Dos propuestas en el Concejo a favor de comerciantes

Dos propuestas en el Concejo a favor de comerciantes
Ramona Núñez, cocinera de Punta Cana Restaurant en Washington Heights, teme por su futuro laboral ya que ese negocio está a punto de cerrar por la subida del alquiler.

La propuesta de ley para ayudar a los pequeños comerciantes, que está impulsando la concejal Annabel Palma, pareciera ir por buen camino y todo indica que este año sí pudiera ser puesta a consideración del Comité de Pequeños Negocios, ya que cuenta con el respaldo de 24 ediles y sólo falta que se adhieran dos más para ser debatida.

Se trata de una legislación que da a los inquilinos comerciales el derecho a renovar el contrato 10 años o más y si el dueño del local quiere subir la renta es obligatoria una mediación. Si en esta mediación no se llega a un acuerdo se acudiría a un arbitrio de obligado cumplimiento.

Para poder ser asignada al Comité de Pequeños Negocios y ser debatida en una audiencia pública, la propuesta deberá contar en total con el respaldo de al menos 26 concejales.

La medida original, que fue introducida por primera vez en 2006 por el entonces concejal Robert Jackson, se había quedado literalmente atrapada dentro de un laberinto burocrático ya que nunca lograba reunir el respaldo suficiente para continuar con su curso.

Debido a la expiración del período legislativo cada año, las propuestas de ley que no logran pasar deben ser sometidas nuevamente con cada nueva reorganización en el Concejo, por lo que en junio pasado la concejal Palma, representante por El Bronx, volvió a introducir la propuesta de Jackson bajo el número 402 y con el nombre de Acta de Supervivencia de Pequeños Negocios.
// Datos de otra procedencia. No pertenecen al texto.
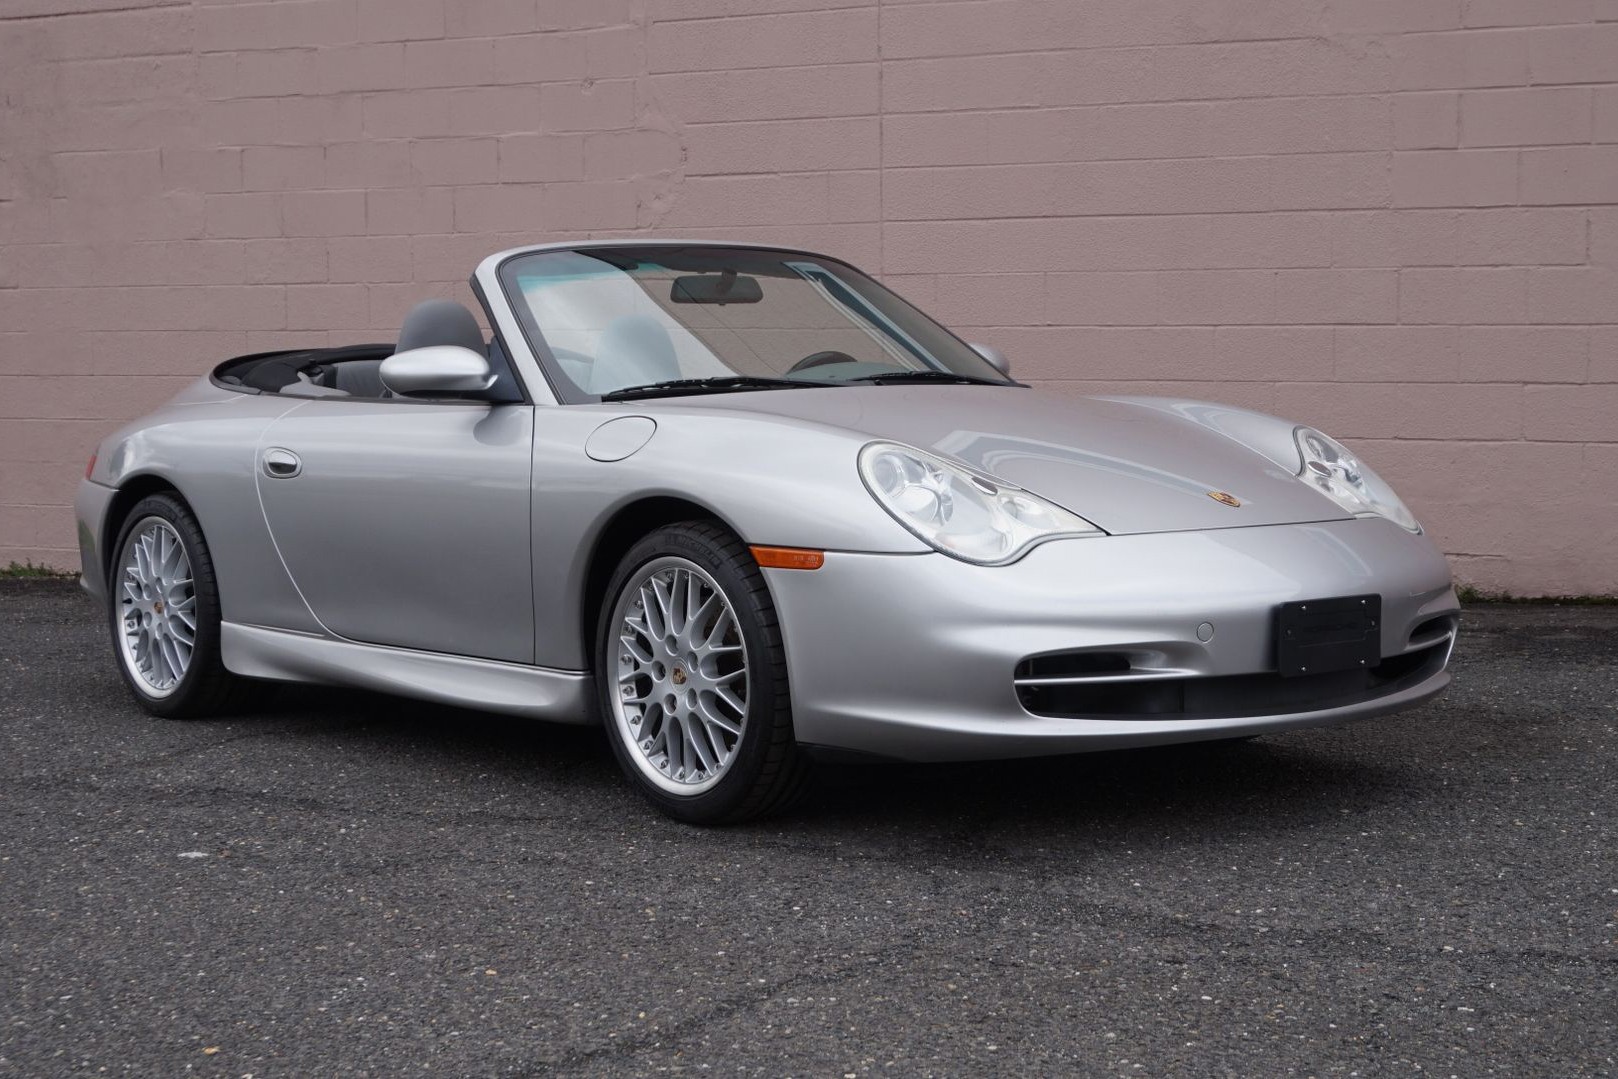 Which One-Owner Porsche Convertible Would You Choose: 1983 911 SC or 2002 996?

“Es evidente que los neoyorquinos están listos para políticas progresistas, de aprobarse se protegerá a las pequeñas y medianas corporaciones, que son las bases económicas de nuestras comunidades. Es inaceptable que tantos pequeños negocios se vean obligados a cerrar como resultado del proceso de renovación de arrendamientos comerciales difíciles y sumamente complicados”, dijo Palma a El Diario.

Entre los concejales hispanos que apoyan la medida figuran Ydanis Rodríguez, Rosie Méndez,  Rafael Espinal y María del Carmen Arroyo.

Para Rosie Méndez, representante por el Bajo Manhattan, a largo plazo es “importante que los pequeños negocios tengan una oportunidad de sobrevivir y el objetivo de este proyecto los favorece”.

Entre los concejales que aún no han tomado posición al respecto se encuentran la presidenta del Concejo Municpal Melissa Mark Viverito, Carlos Menchaca, que no pudo comentar por encontrarse fuera del país. Tampoco se han pronunciado al respecto los concejales Antonio Reynoso y Julissa Ferreras.

Otro proyecto favorable a comerciantes:

Este jueves fue presentado ante el Concejo Municipal el proyecto de ley 851, con el que se quiere proteger a los inquilinos de inmuebles comerciales de ser víctimas de acoso o cualquier otro tipo de intimidación.

La medida, patrocinada por los concejales Robert Cornegy que preside el Comité de Pequeños Negocios y Mark Levine, representante por el distrito 7 del Alto Manhattan,  impone sanciones de un mes de alquiler o $1,000 -mas gastos legales y de corte-  a dueños de locales que han acosado a sus inquilinos.

La legislación prohíbe a los propietarios comerciales que utilicen cualquier tipo de intimidación, bien sea física o verbal como amenazas, así como el negarse a hacer reparaciones, cortar la calefacción o los servicios públicos, para tratar de obligar a un inquilino comercial a salir del predio.

“He escuchado muchas historias de caseros que han tomado acciones que interfieren con el  uso del espacio comercial de pequeños negocios que están pagando alto costo por su renta. Muchos pequeños comerciantes solo quieren servir a sus clientes y en su lugar deben estar luchando para mantener los servicios básicos”,  dijo el edil Cornegy, que representa al distrito 36 de Brooklyn.

“Nuestros pequeños comerciantes son muy importantes como para dejarlos sin protección. este proyecto de ley es un paso importante para los inquilinos comerciales”, dijo el concejal Levine.

Bajo los términos de la propuesta se considera también intimidación cuando el propietario somete querellas judiciales frívolas, emprende reparaciones innecesarias sobre el espacio del inquilino o uno adyacente, y/o participa en tácticas de negociación injustas para los arrendamientos de renovación.